La concatenazione di eventi esiste, eccome. Non credete alla favola di chi dice il contrario.” Se c’è una cosa di cui Fabio è sicuro, è questa. Soprattutto quando, all’improvviso, ogni apparente certezza, su cui era sicuro di poter contare, crolla irrimediabilmente, lasciando solo l’intervallo di una vita raccontato alla nipote Lara, l’unica che in qualche modo lo salva dalla terra di mezzo in cui si ritrova.

Da giornalista, Stefano sembra aver coltivato il gusto per l’intreccio, dato che in questo romanzo presenta e approfondisce una pletora di personaggi tutti collegati tra loro, che nello svolgimento della trama piuttosto articolata smentiscono un po l’iniziale investitura di Fabio quale protagonista putativo, l’unico che si racconta in prima persona. Non esistono buoni e cattivi in Fuori Tempo Massimo, tutti quanti hanno i loro pregi e i loro difetti, le debolezze, e una dose variabile di credito o debito con la fortuna.

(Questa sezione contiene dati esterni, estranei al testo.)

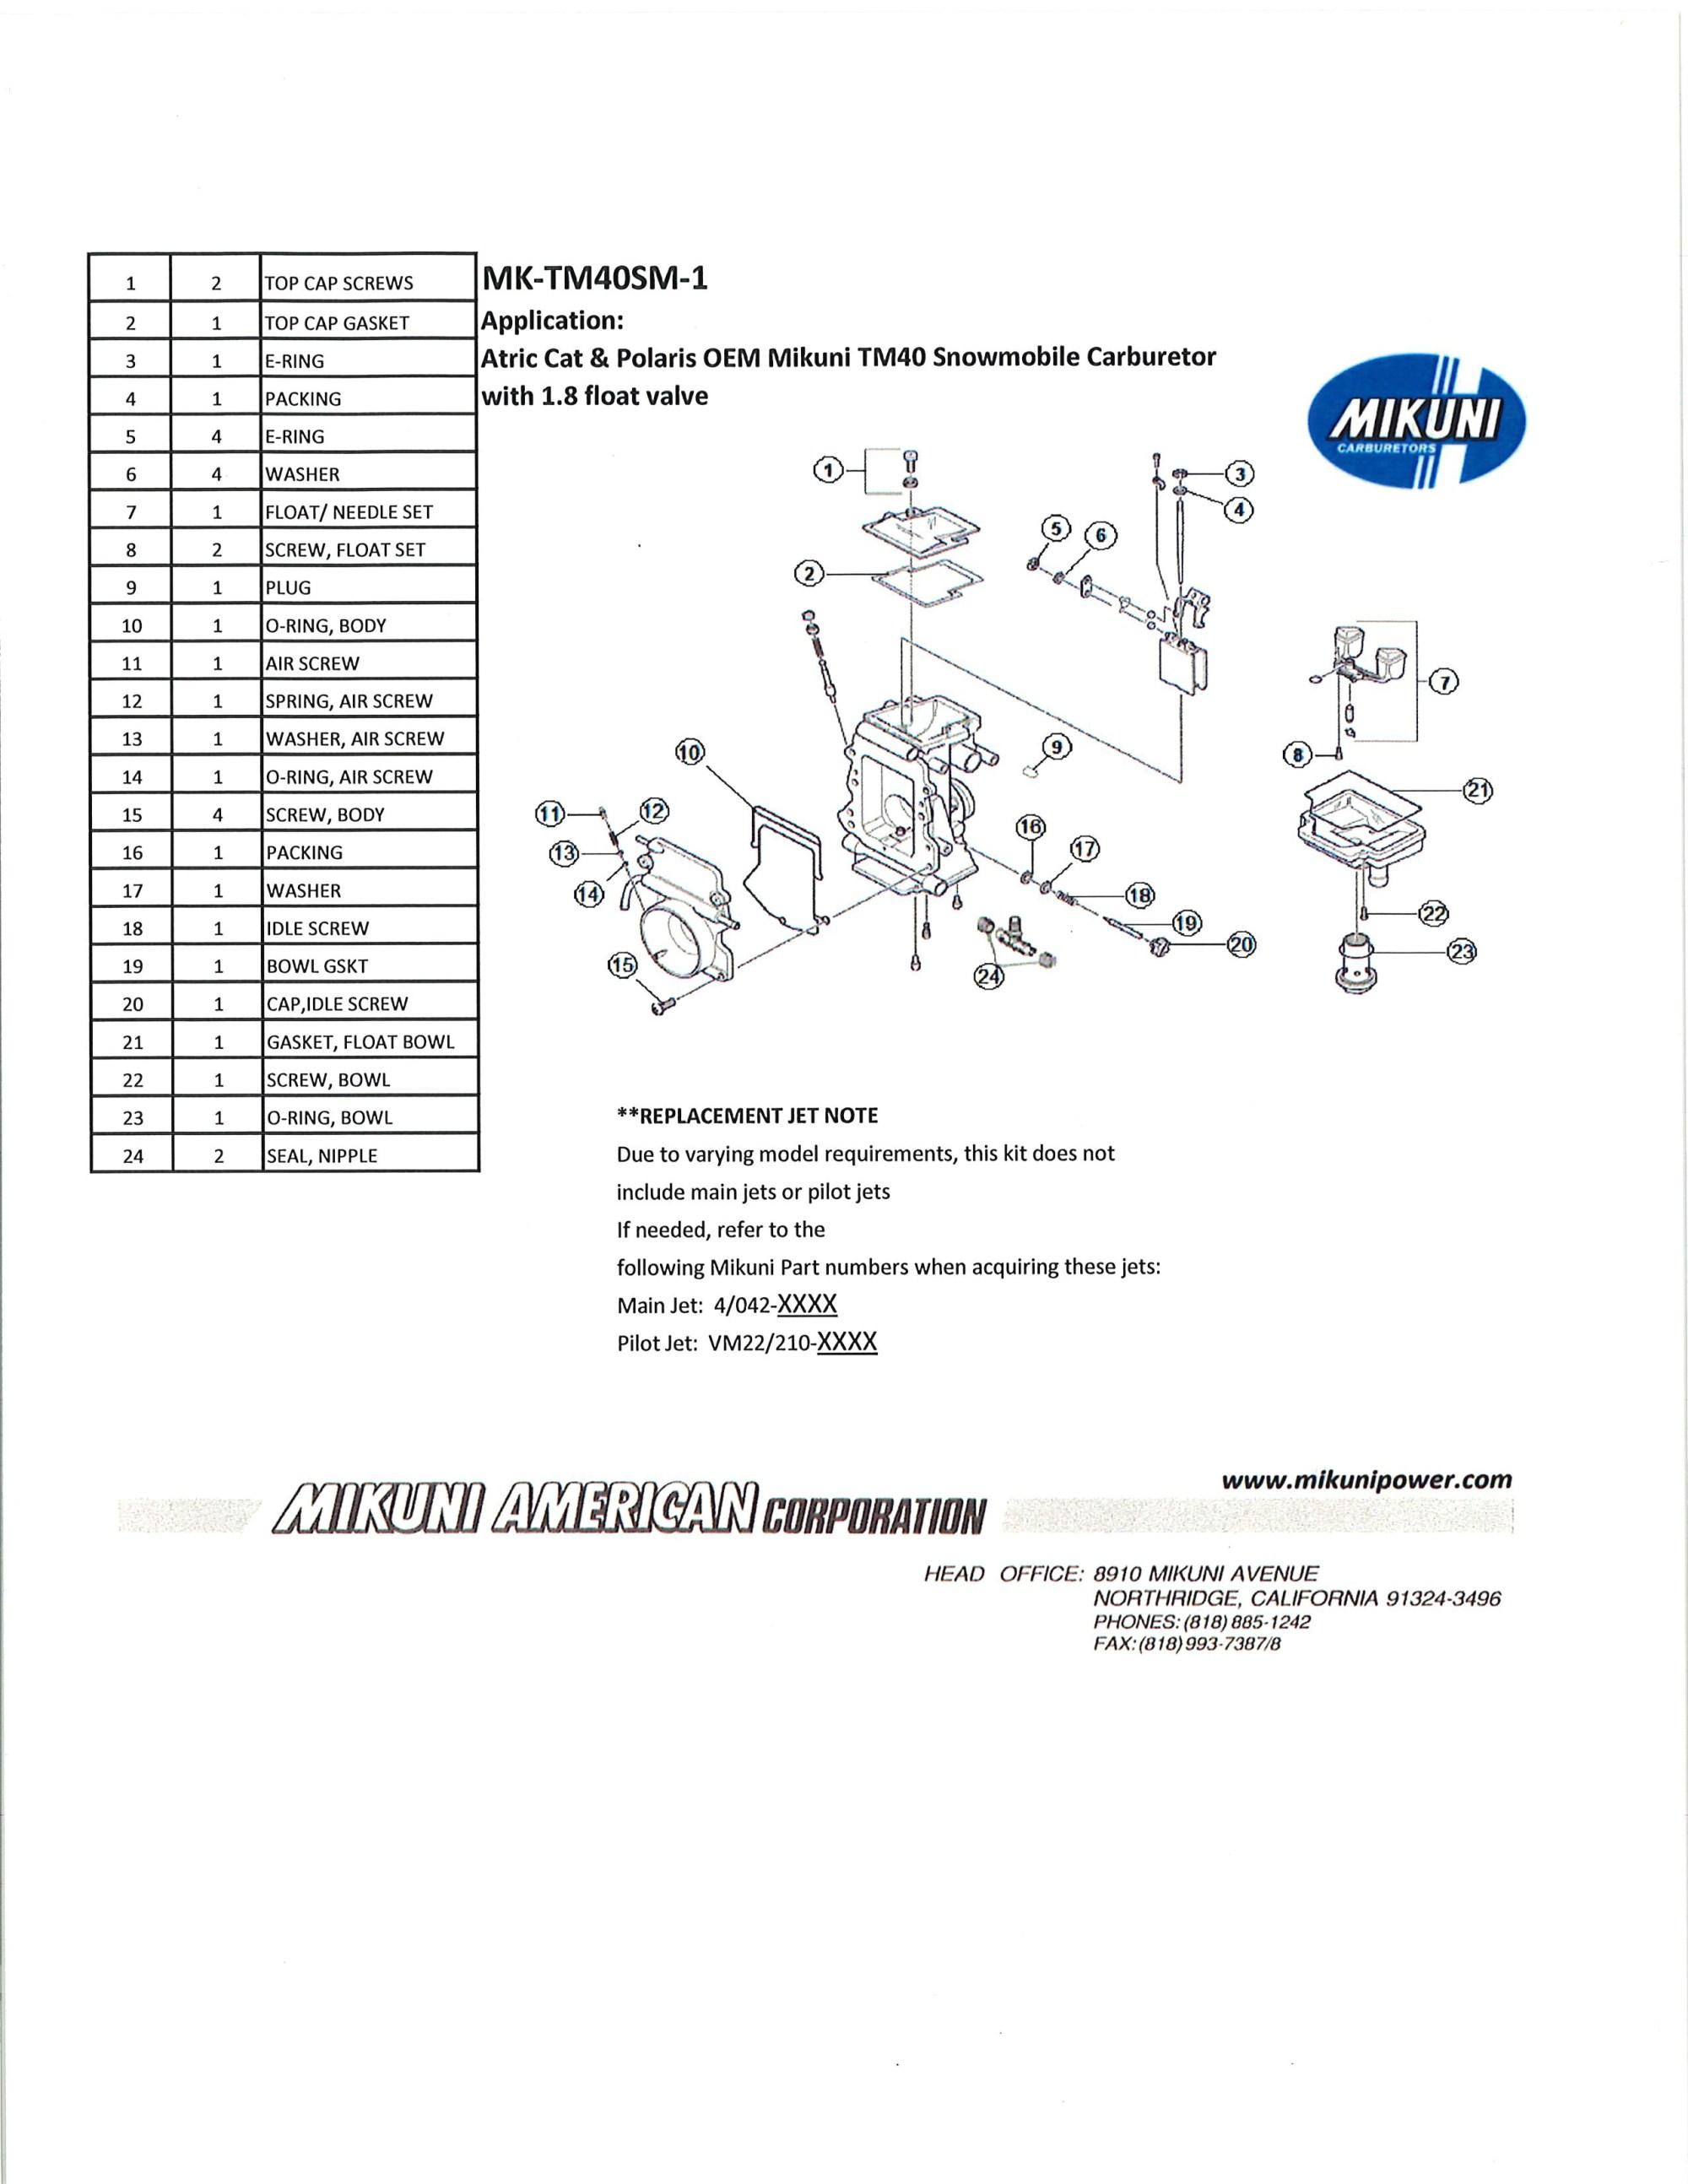 hight resolution of fits oem mikuni tm40 carburetors on arctic cat and polaris snowmobiles with a 1 8 float valve

Il testo dosa sapientemente commedia, farsa, introspezione e dramma, ma anche in quest’ultimo caso lo fa con un’opportuna leggerezza. Sebbene questo non sia un romanzo generazionale in senso stretto, decisamente meno del primo libro di Iannaccone, Andrà tutto bene, l’autore si diverte a fare le pulci a quest’epoca, a vizi e virtù di una generazione di trentenni palesemente in ritardo nei confronti della vita, e che rischiano sempre più di finire Fuori Tempo Massimo.